Positive CHMP Opinion for Breyanzi (liso-cel) for Relapsed or Refractory Follicular Lymphoma in 2L
The Committee for Medicinal Products for Human Use (CHMP) of the European Medicines Agency (EMA) has recommended approval of Breyanzi (lisocabtagene maraleucel; liso-cel), a CD19-directed chimeric antigen receptor (CAR) T cell therapy, for the treatment of adult patients with relapsed or refractory follicular lymphoma (FL) who have received two or more prior lines of systemic therapy.
The CHMP adopted a positive opinion based on data from the global, Phase 2 TRANSCEND FL study, the largest clinical trial to date to evaluate a CAR T cell therapy in patients with relapsed or refractory indolent non-Hodgkin lymphoma (NHL), including FL, which enrolled adults with relapsed or refractory FL treated with Breyanzi after two or more prior lines of systemic therapy.
In the study, Breyanzi demonstrated a high overall response rate of 97.1% (95% CI: 91.7–99.4) and complete response rate of 94.2% (95% CI: 87.8–97.8), the study’s primary and key secondary endpoints, respectively. Responses were rapid and durable, and demonstrated sustained efficacy with 75.7% (95% CI: 66.0–83.0) of patients in response at 18 months. The safety of Breyanzi in FL is consistent with the well-established safety profile of Breyanzi observed across clinical trials, with no new safety signals observed.

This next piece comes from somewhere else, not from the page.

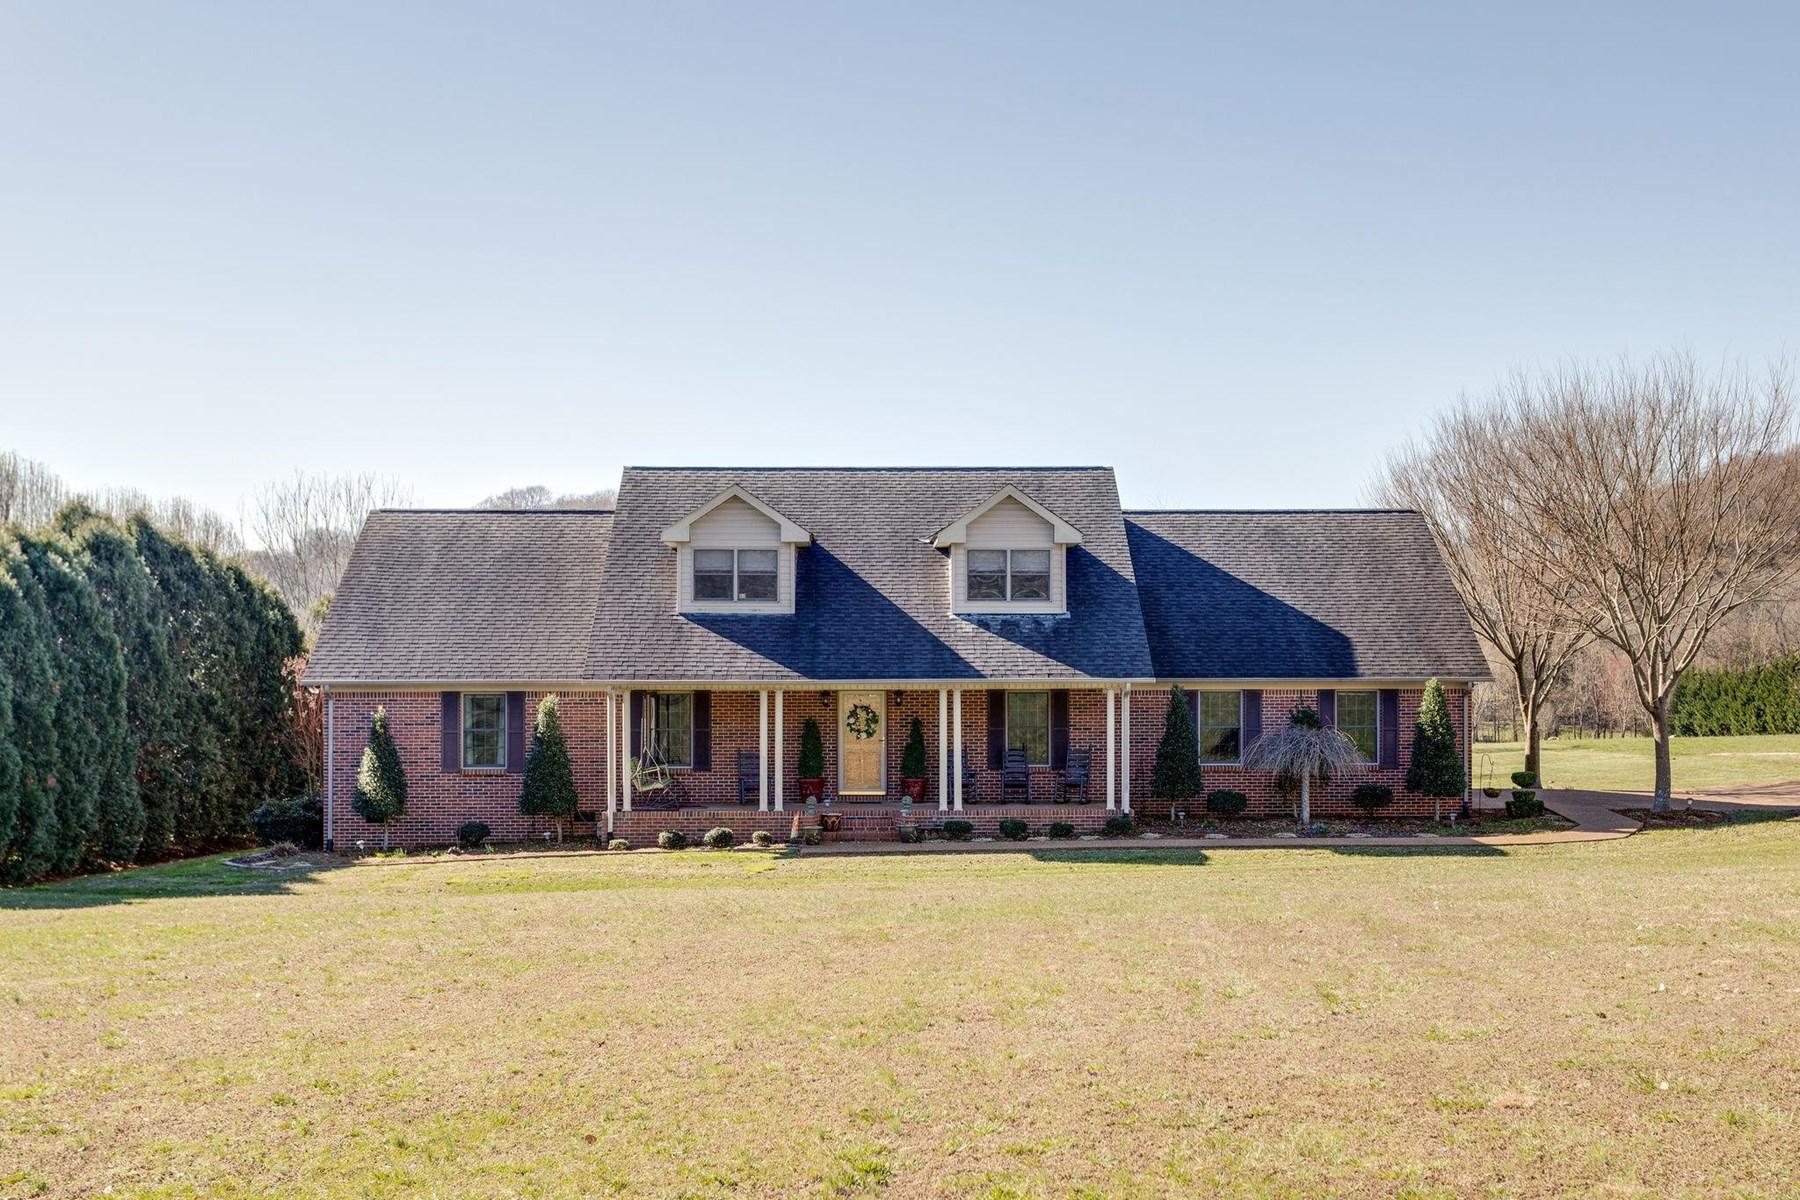 Country home w/ acreage, Maury County, Culleoka, TN

Breyanzi is currently approved in the EU for the treatment of adult patients with relapsed or refractory diffuse large B-cell lymphoma (DLBCL), high grade B-cell lymphoma (HGBCL), primary mediastinal large B-cell lymphoma (PMBCL) and FL grade 3B (FL3B), who relapsed within 12 months from completion of, or are refractory to, first-line chemoimmunotherapy, and for the treatment of adult patients with relapsed or refractory DLBCL, PMBCL, and FL3B after two or more lines of systemic therapy.